Şu anda felsefenin bilimle ilişkisi belirsiz. Felsefenin bilim olarak adlandırılması için her türlü nedeni olduğu gerçeği oldukça tartışmalıdır. Ve bu, 19. yüzyılın ortalarında, Marksizmin kurucularından Friedrich Engels'in en yaygın felsefe kavramlarından birini formüle etmesi nedeniyle oluştu. Engels'e göre felsefe, düşüncenin gelişiminin en genel yasalarının, doğanın ve toplumun yasalarının bilimidir. Böylece felsefenin bir bilim olarak bu statüsü uzun süre sorgulanmadı. Ancak zamanla, zaten belirli bir yükümlülük getiren yeni bir felsefe algısı ortaya çıktı.çağdaşlarımız felsefeye bilim demezler.

Felsefenin bilimle ilişkisi

Felsefe ve bilim için ortak olan kategorik aygıttır, yani madde, alt tabaka, uzay, zaman, madde, hareket gibi anahtar kavramlardır. Bu temel köşe taşı terimleri hem bilimin hem de felsefenin emrindedir, yani her ikisi de onlarla farklı bağlamlarda, yönlerde çalışır. Hem felsefenin hem de bilimin ortaklığını karakterize eden bir diğer özellik, hakikat gibi bir olgunun kendi içinde mutlak bir birikimli toplam değer olarak kabul edilmesidir. Yani hakikat, başka bilgileri keşfetmenin bir yolu olarak görülmez. Felsefe ve bilim, gerçeği inanılmaz boyutlara çıkararak onu en yüksek değer haline getirir.

Felsefeyi bilimle ilişkilendiren bir nokta daha teorik bilgidir. Bu, matematikteki formüllerin ve felsefedeki kavramların (iyi, kötü, adalet) somut ampirik dünyamızda bulunamayacağı anlamına gelir. Bu spekülatif yansımalar bilim ve felsefeyi aynı düzeye getirir. Stoacı Romalı filozof ve İmparator Nero'nun öğretmeni Lucius Annaeus Seneca'nın dediği gibi, her zaman işinize yarayabilecek birkaç bilge kuralı öğrenmek, işinize yaramayan birçok yararlı şey öğrenmekten çok daha faydalıdır.
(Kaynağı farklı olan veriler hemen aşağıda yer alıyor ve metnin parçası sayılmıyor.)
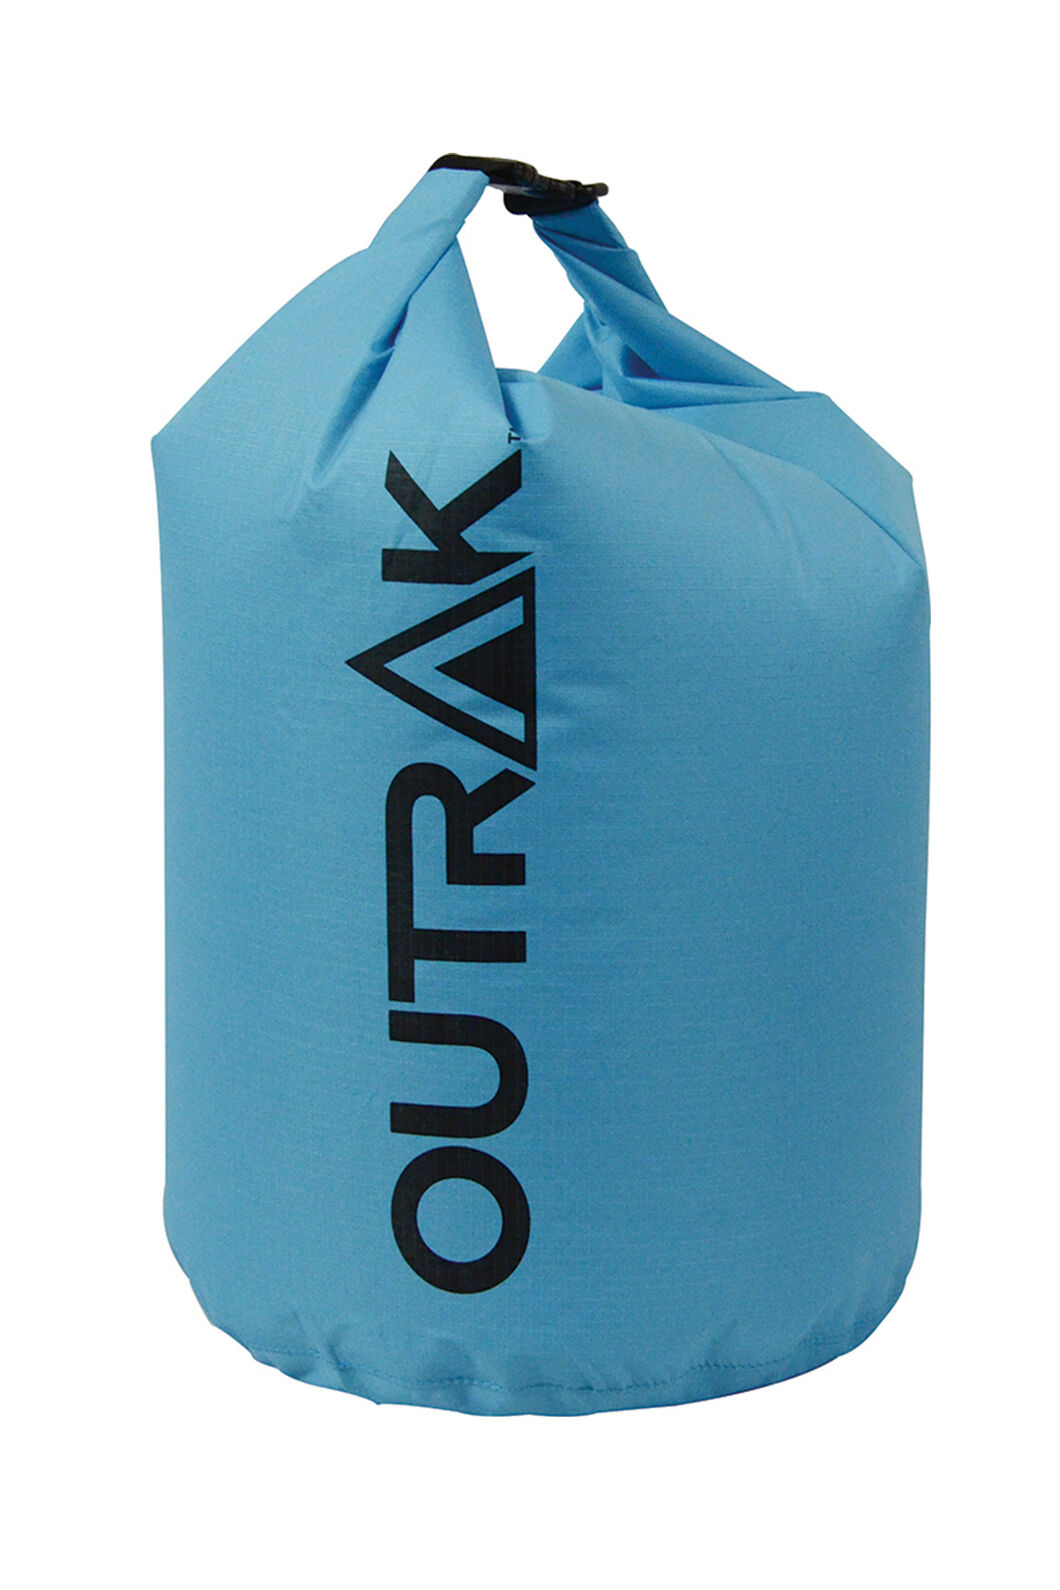 Outrak Lightweight 10L Dry Bag, None, hi-res

Felsefe ve bilim arasındaki farklar

Temel fark, bilimsel yaklaşımın doğasında bulunan katı olgubilimdir. Herhangi bir bilimsel araştırma, defalarca doğrulanmış ve kanıtlanmış katı bir gerçekler temeli tarafından yönlendirilir. Bilim, felsefeden farklı olarak,asılsız değil, kanıt. Felsefi ifadeleri kanıtlamak veya çürütmek çok zordur. Henüz kimse mutluluğun formülünü ya da ideal bir insanı icat edemedi. Bu alanlardaki temel fark, o dönemdeki fikirlerin felsefi çoğulculuğunda da yatmaktadır, çünkü bilimde genel bilim fikrinin etrafında büküldüğü üç dönüm noktası vardır: Öklid'in sistemi, Newton'un sistemi, Einstein'ın sistemi.

Felsefenin bu makalede özetlenen görevleri, yöntemleri ve hedefleri, bize felsefenin çeşitli akımlarla, fikirlerle dolu ve çoğu zaman birbiriyle çelişen fikirlerle dolu olduğunu gösteriyor. Üçüncü ayırt edici özellik, bilimin kendi içinde nesnel dünyayla olduğu gibi ilgilenmesidir, bu nedenle bilimin kelimenin tam anlamıyla insanlık dışı olduğu (kişiyi, duygularını, bağımlılıklarını vb. analizinin kapsamı). Felsefe kesin bir bilim değildir, genel temel ilkelerin, düşüncenin ve gerçekliğin öğretisidir.